(Beginning of GIVEN DATA)
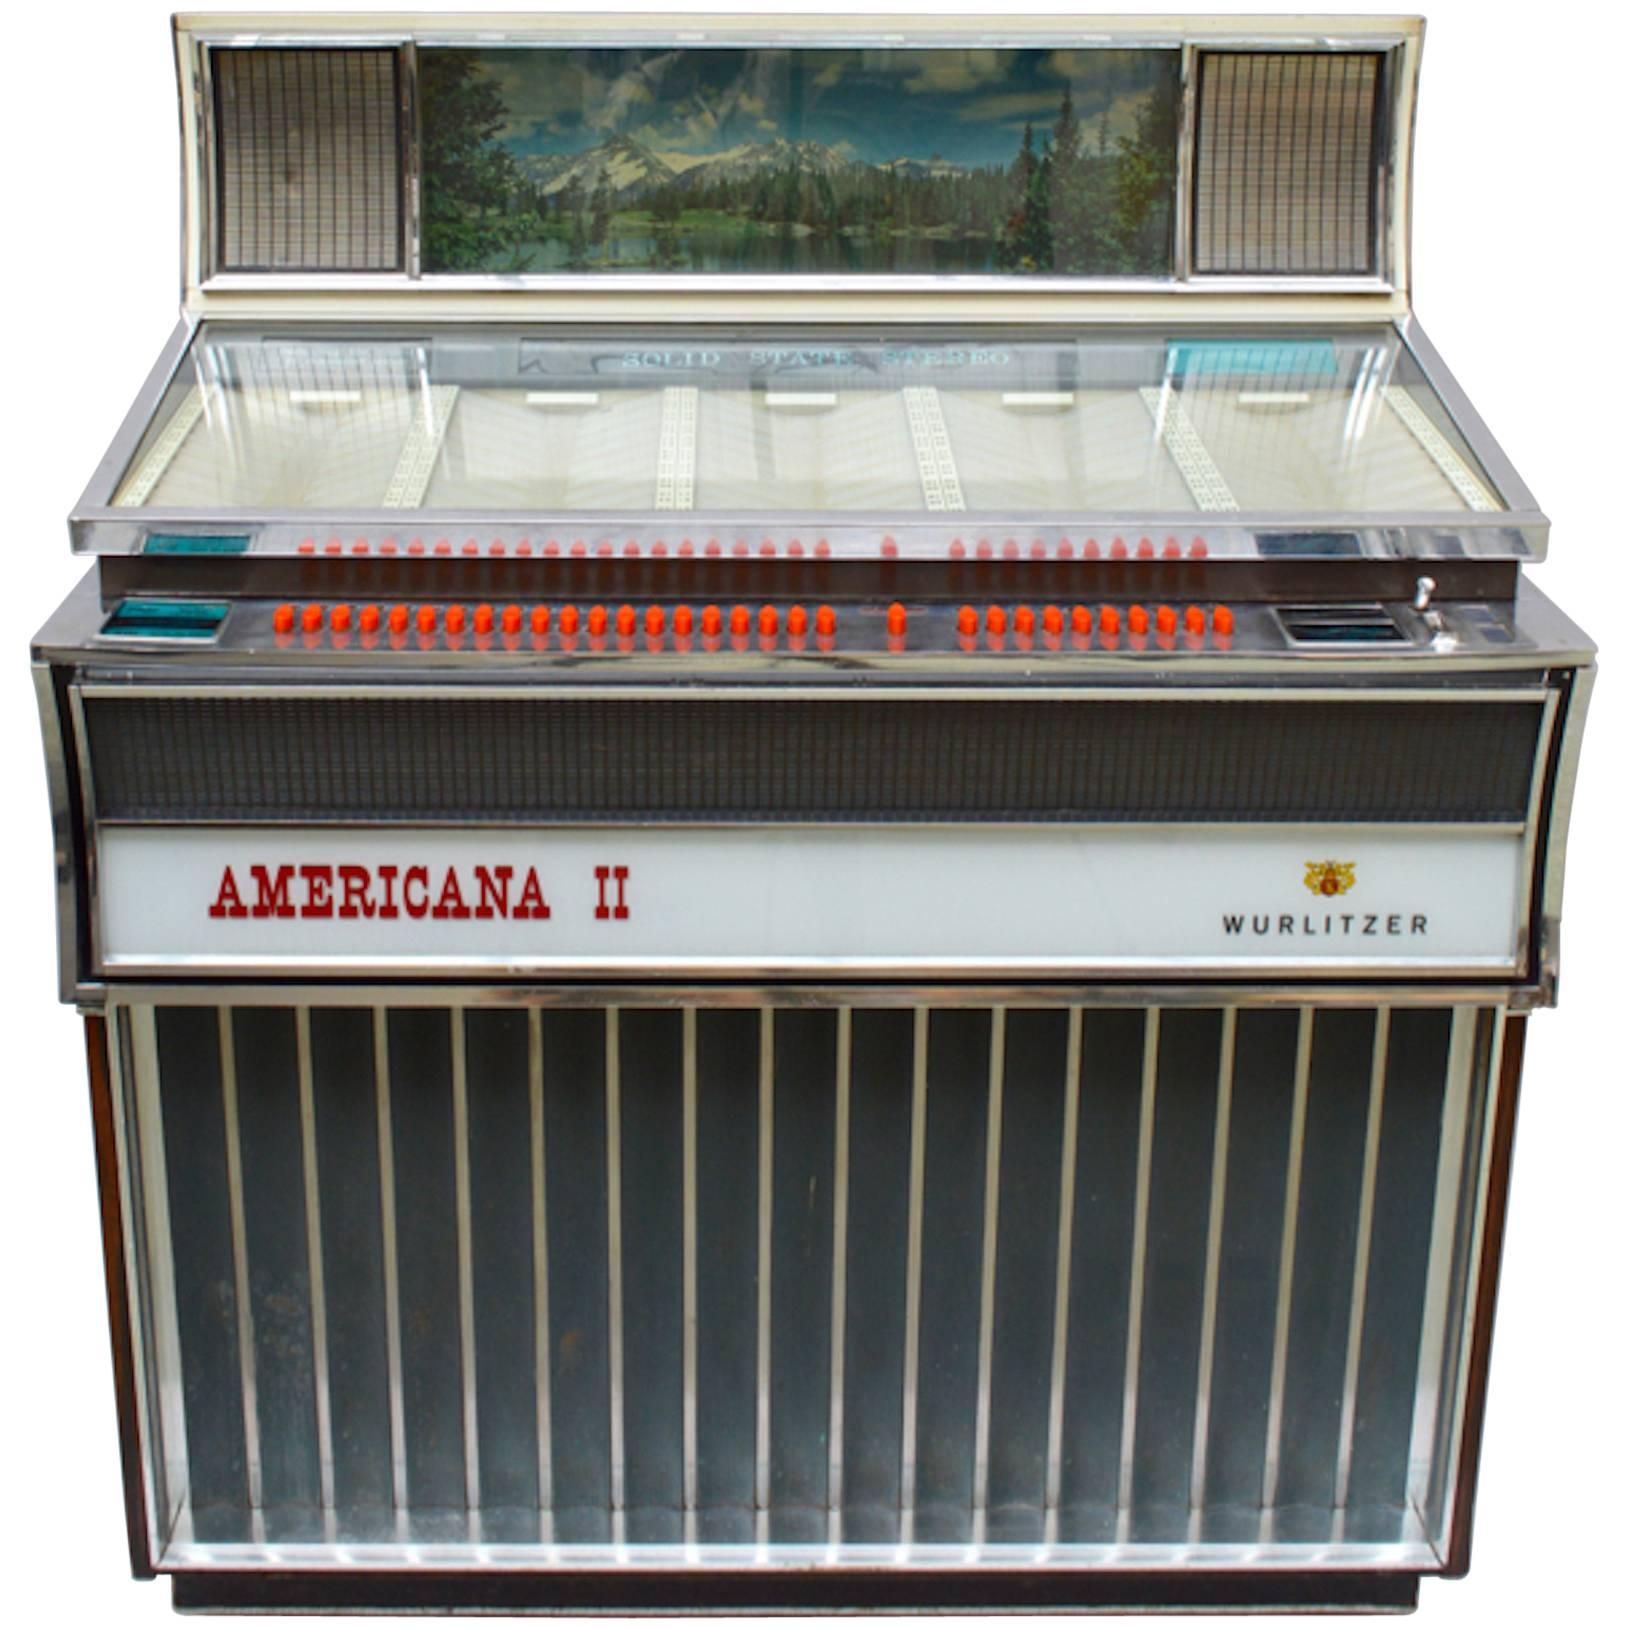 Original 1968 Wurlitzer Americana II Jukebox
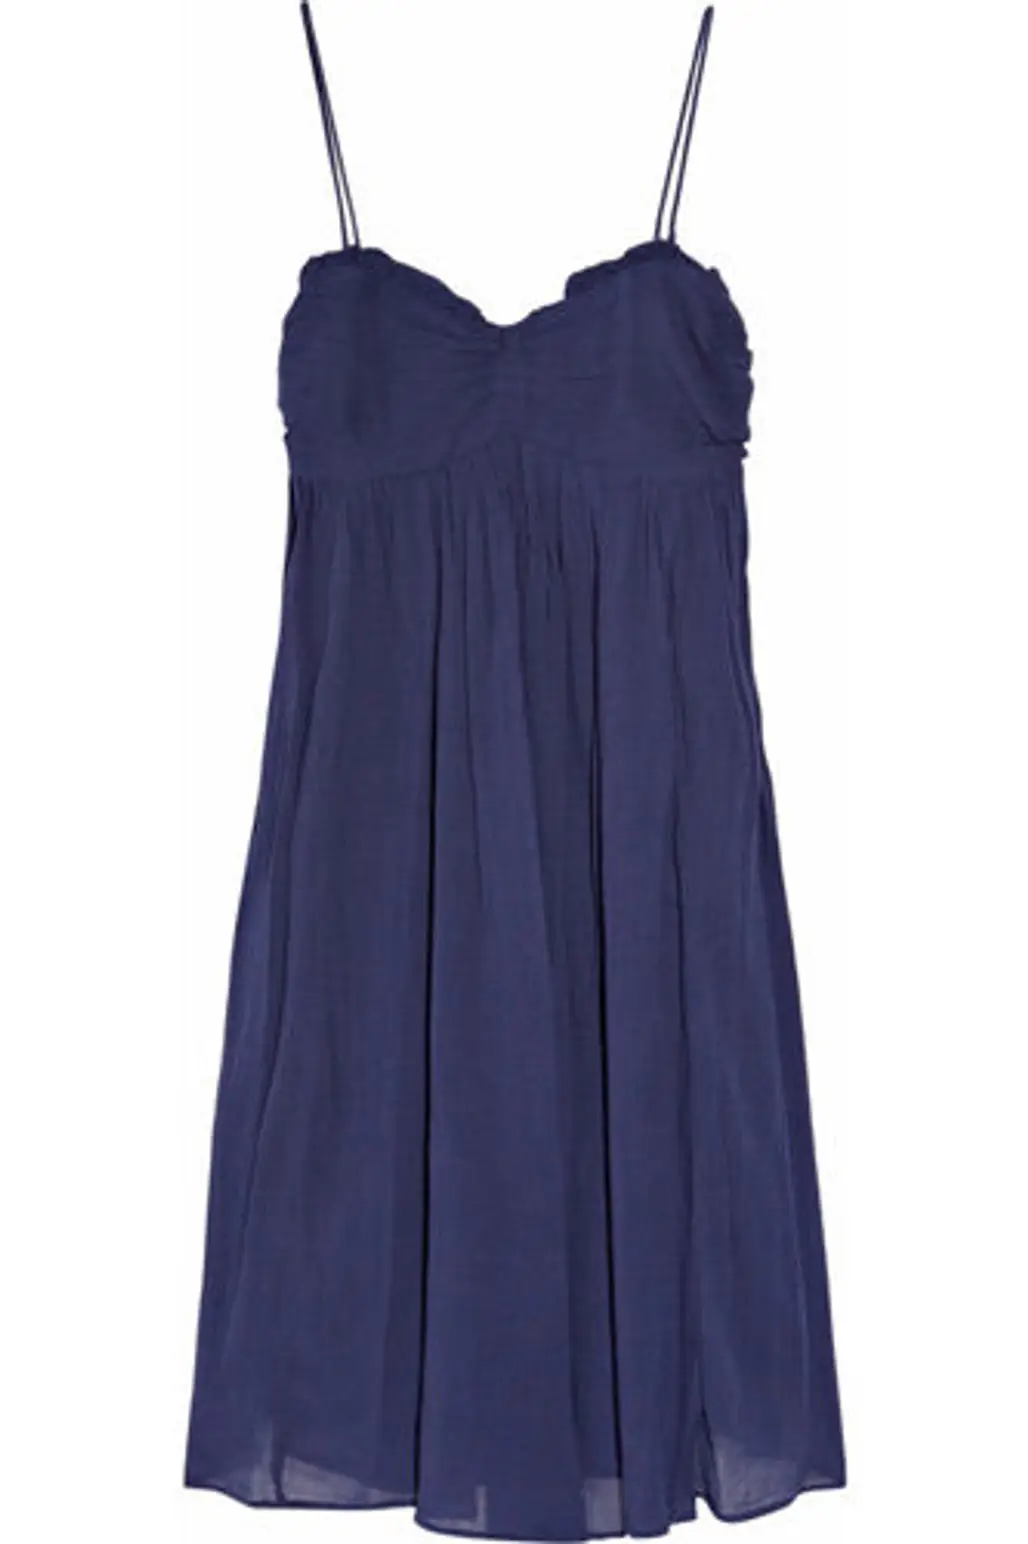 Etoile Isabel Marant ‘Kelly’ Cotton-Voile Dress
(End of GIVEN DATA)
(Beginning of GIVEN DATA)
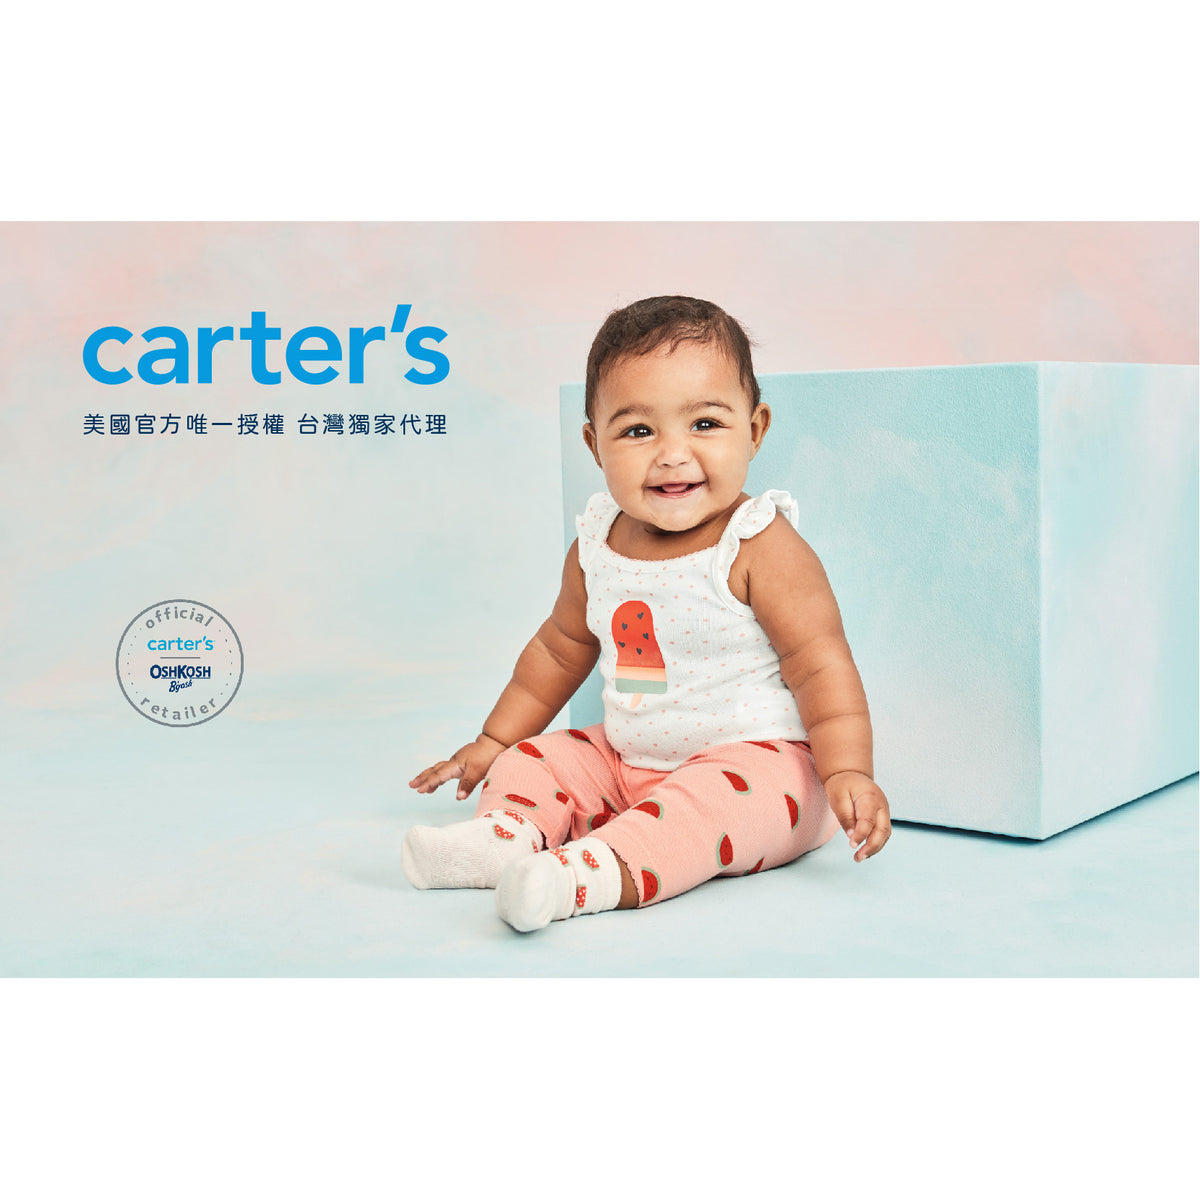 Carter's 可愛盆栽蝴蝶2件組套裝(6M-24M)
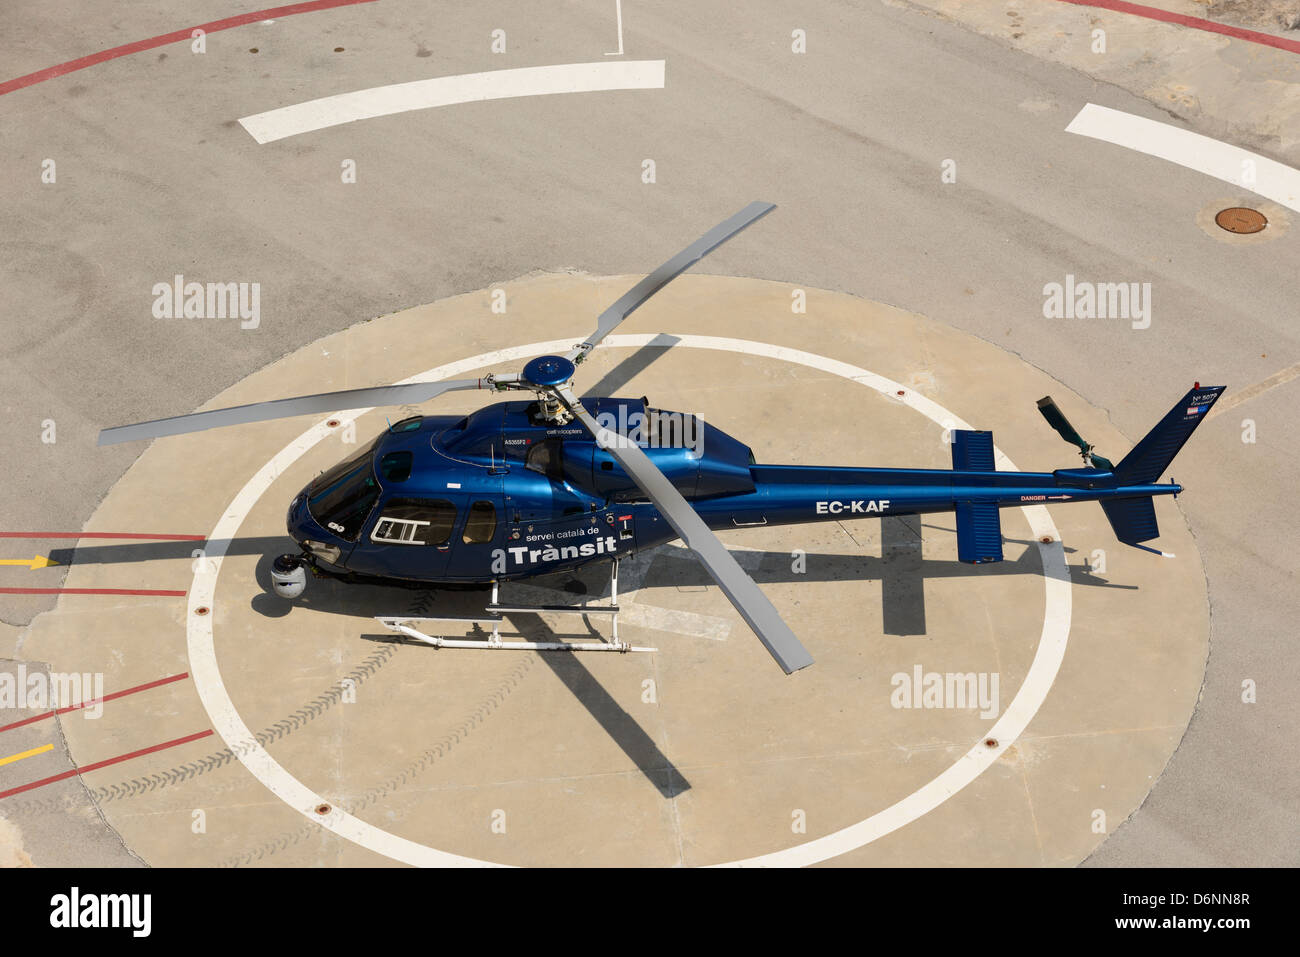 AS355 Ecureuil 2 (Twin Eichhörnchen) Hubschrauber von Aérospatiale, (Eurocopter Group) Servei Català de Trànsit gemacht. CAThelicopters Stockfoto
(End of GIVEN DATA)
(Beginning of GIVEN DATA)
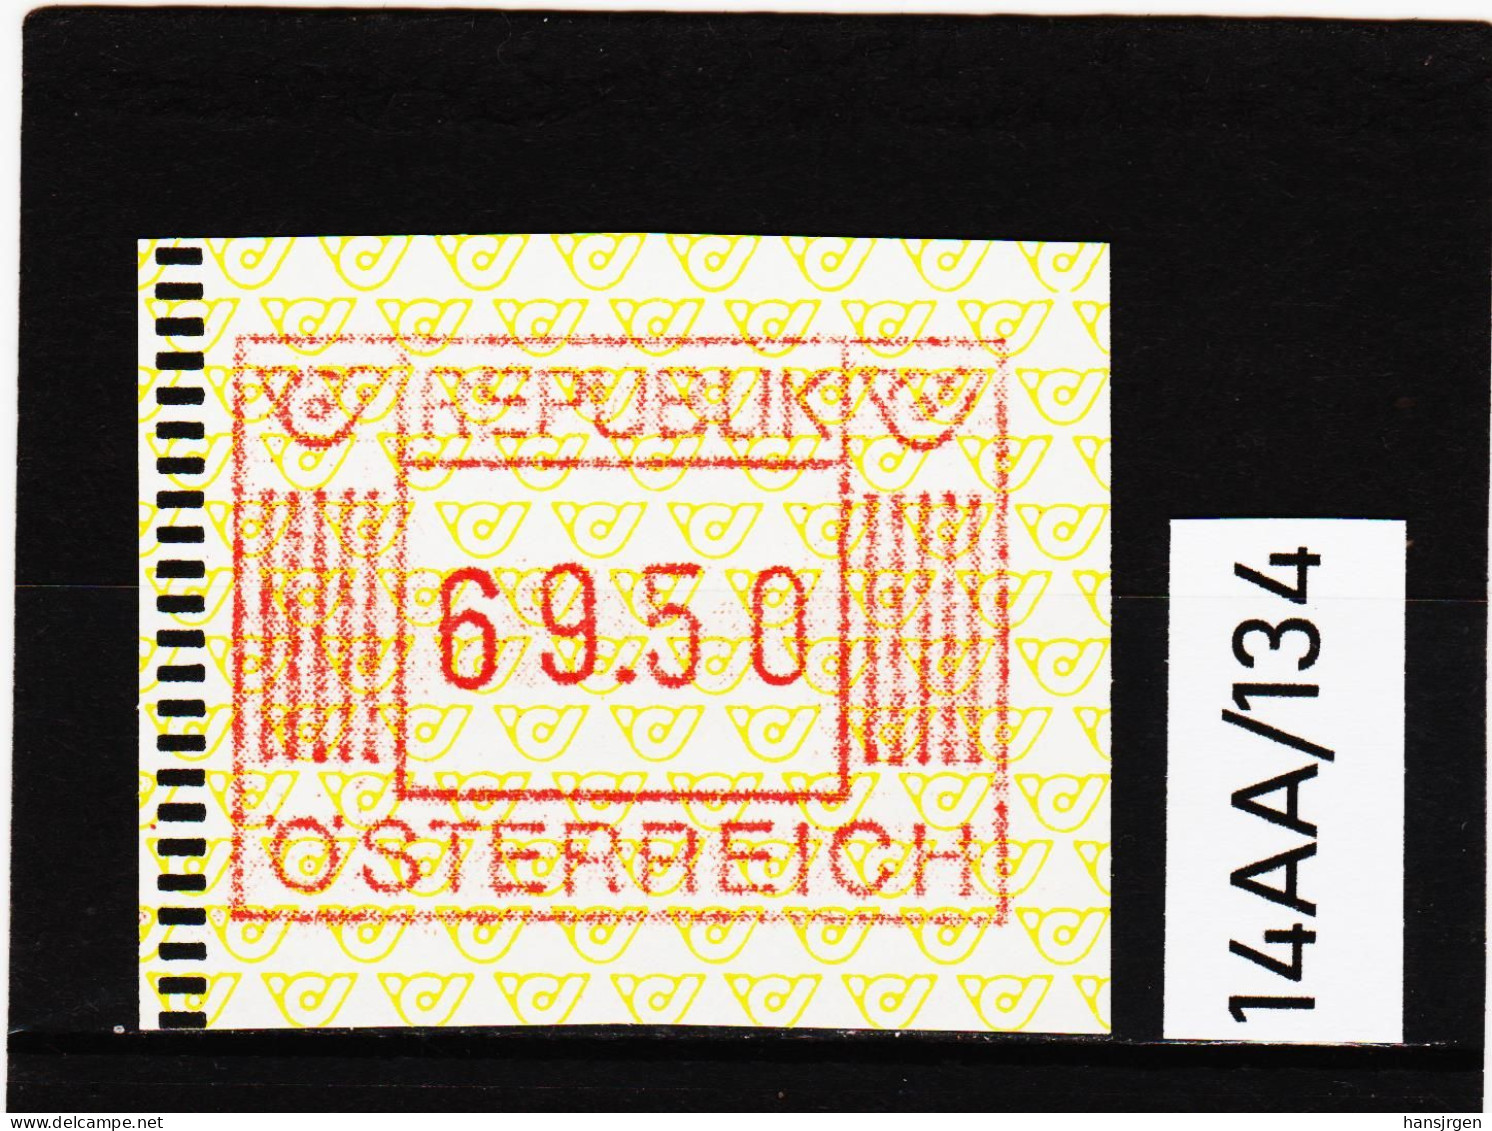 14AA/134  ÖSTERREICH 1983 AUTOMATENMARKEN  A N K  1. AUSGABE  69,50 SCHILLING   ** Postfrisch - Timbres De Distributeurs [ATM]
(End of GIVEN DATA)
[WHAT TO DO]
Using the data above, which lines fall from the one with "Original 1968 Wurlitzer Americana II Jukebox" through the one with "Etoile Isabel Marant"? Repeat them exactly, ends included, minus any pictures.

[COMPLETED EXERCISE]
 Original 1968 Wurlitzer Americana II Jukebox
 Etoile Isabel Marant ‘Kelly’ Cotton-Voile Dress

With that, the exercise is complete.